The Commodity Investor Q&A
With Matt Badiali
July 16, 2008
Q: What are your current recommendations for silver plays, including low, medium, and high risk? – B.C.
A: I think precious metals are a pretty low-risk investment in general right now. We're on the brink of a global inflation crisis.
I'm no economist, but I know inflation when I see it. The price of oil is incredibly high. Oil affects the price of everything. Plastics are made from oil. Trucks, trains, and boats that move goods from point A to point B burn oil products. No matter what it is, if you bought it, you paid an "oil tax."
That's not an American phenomenon, that's worldwide. High oil prices mean price inflation on a global scale.
Take a look at Asia, where Indonesia's inflation rate is 10%, the Philippines' is 10%, and India's is 12%. Those countries are indicative of much of the developing world, where food and fuel prices have a bigger impact on the economy than in the West.
However, even in places like England, inflation is skyrocketing. The Financial Times reported inflation rose to 3.8% in June alone. The head of the Bank of England forecasts 4% by the end of the year – which now looks like a conservative estimate.
Global inflation is going to drive the price of gold and silver through the roof and into the sky. When inflation raises its ugly head, investors buy gold. Gold and precious metals are impossible to create from thin air (as opposed to paper and ink currencies). So as governments run printing presses night and day, the value of gold and silver soars.
The safest bet for silver bugs is a big silver exchange traded fund like PowerShares DB Silver Fund (DBS) or iShares Silver Trust (SLV). These funds are designed to track changes in the price of silver. Another possibility is the PowerShares DB Precious Metals Fund (DBP), which tracks both gold and silver.
However, I like the big silver miners. The recent market correction clobbered the entire sector. Many big silver stocks are sitting at 52-week lows. Any boost in the silver price will send them flying.
However, mining companies are risky. They can have problems with mines or striking workers. These problems can leave your shares flat while the rest of the sector soars. The best way to avoid this is to own shares of several mining companies. I don't know of a silver mining ETF, so you'll have to do it yourself.
In the next issue of the S&A Prospector, out July 25, I intend to recommend two new silver miners I think are safe and cheap.
Q: I read that it takes 10 barrels of water to extract one barrel of oil... and the water is tainted forever. In drought-stricken states like Utah, Wyoming, and Colorado I just don't see it happening on a large scale. Am I wrong on this? – D.B.
A: Stephen Colbert would call that "truthiness." It's kind of right, but loaded with an incorrect assumption: Oil is bad because it wrecks our water supply. That's crap. Here's why...
Oil reservoirs usually have a layer of oil floating on top of a layer of salt water. So wells often produce water with the oil. That water is polluted – naturally. Even without the oil, that water is salty, and unusable for drinking water.

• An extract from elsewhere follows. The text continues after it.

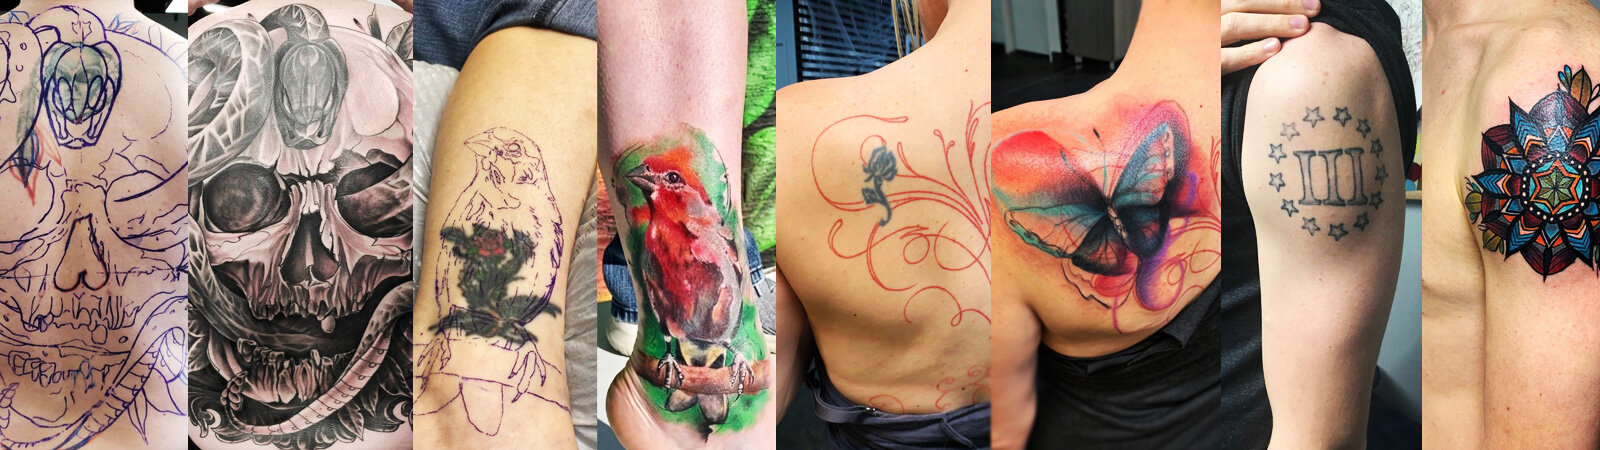 Full color Carl Fredricksen from Pixars movie UP tattoo by Jay Blackburn   Tattoos
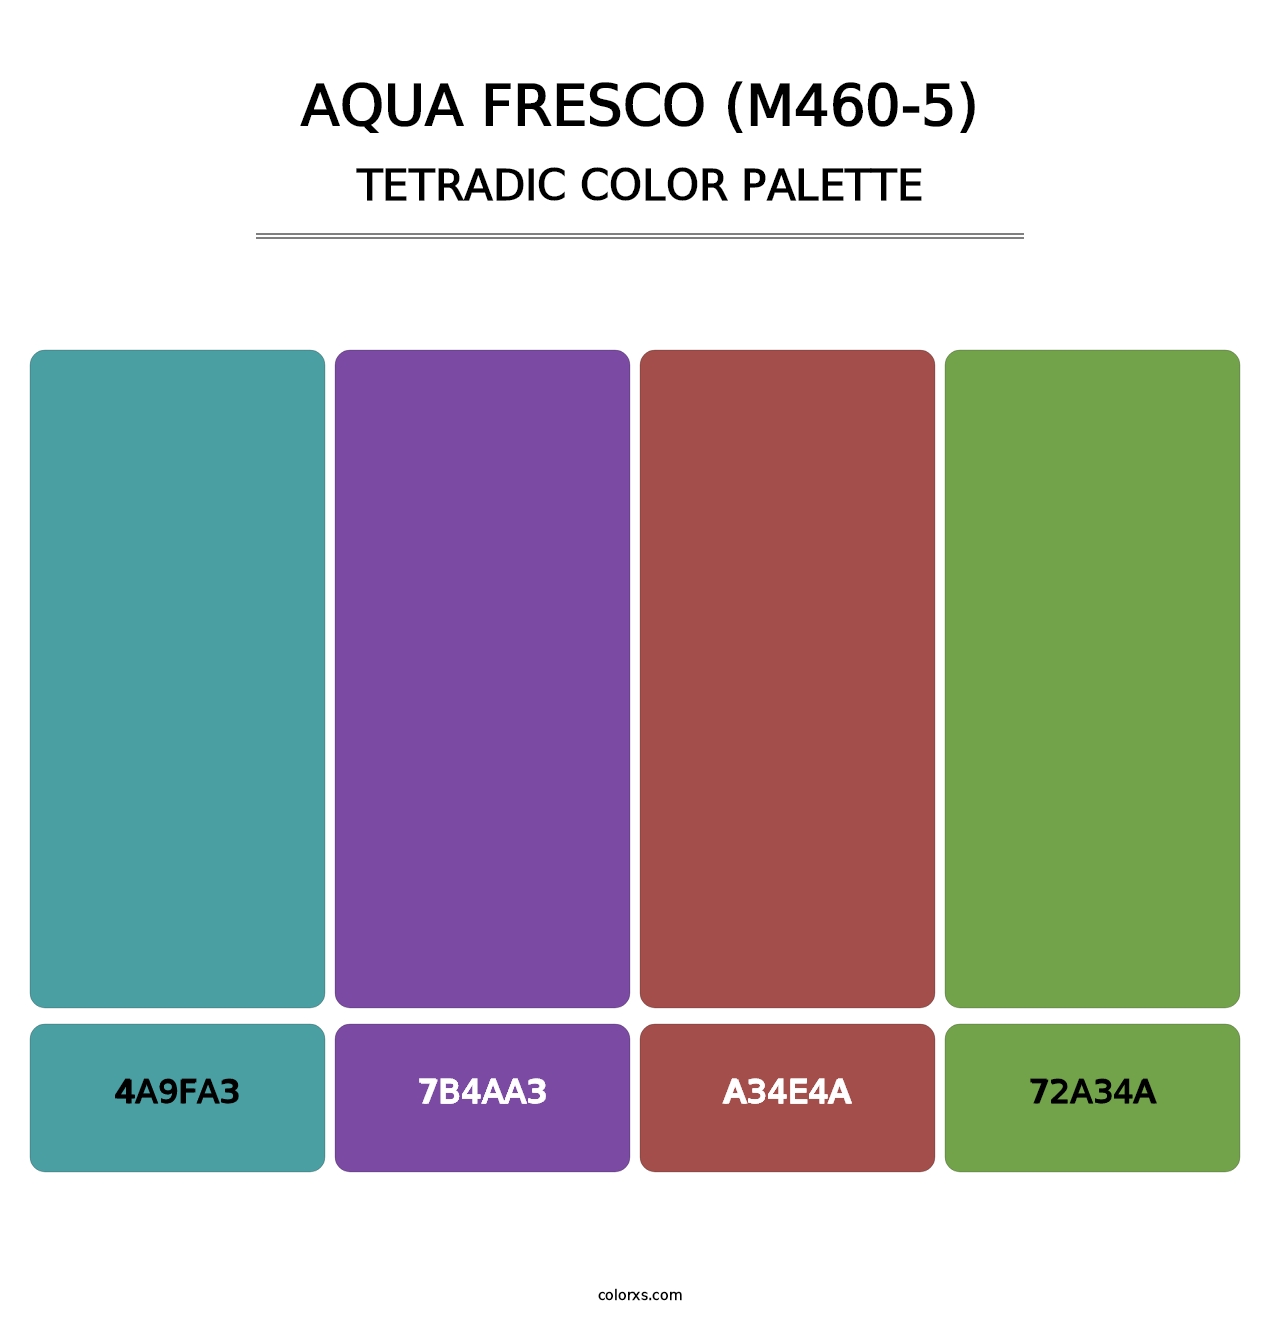 Aqua Fresco (M460-5) - Tetradic Color Palette

Most virgin oil reservoirs are like a well-shaken bottle of soda. If you pop it open, the soda will fizz and shoot out. It doesn't take any water to produce that oil.
Eventually, though, that fizz fades and the soda goes flat. The same thing happens in an oil reservoir. Sometimes, after a field goes flat, a producer will pump water back in to push the remaining oil up. That's "enhanced oil recovery," and it takes a lot of water. But producers don't use potable water. They usually use water produced from the wells in the first place.
When oil does taint the water supply, there are ways to fix it. My first geology job out of college was doing environmental work in Florida. The state is a giant sand box, where anything in the ground ends up in the drinking water. Leaky pipes and underground storage tanks flushed petroleum products into the water supply. Now a ton of the state's tax dollars go to cleaning it up.
Even water-soluble petroleum products don't really want to mix with water. If you give them a chance to get out, they will. In the company I worked for, we built big towers, filled them with plastic wiffle balls, and sprayed the tainted water down from the top. In the meantime, a big fan at the bottom blew air up the tower.
The wiffle balls break the water into tiny droplets and the air blows off the pollutants. That was a successful, if expensive, technique. But when I left, the industry was working on in-situ (which means in place) remediation. Some engineers found they could inject oil-eating organisms directly into the ground water and clean it that way.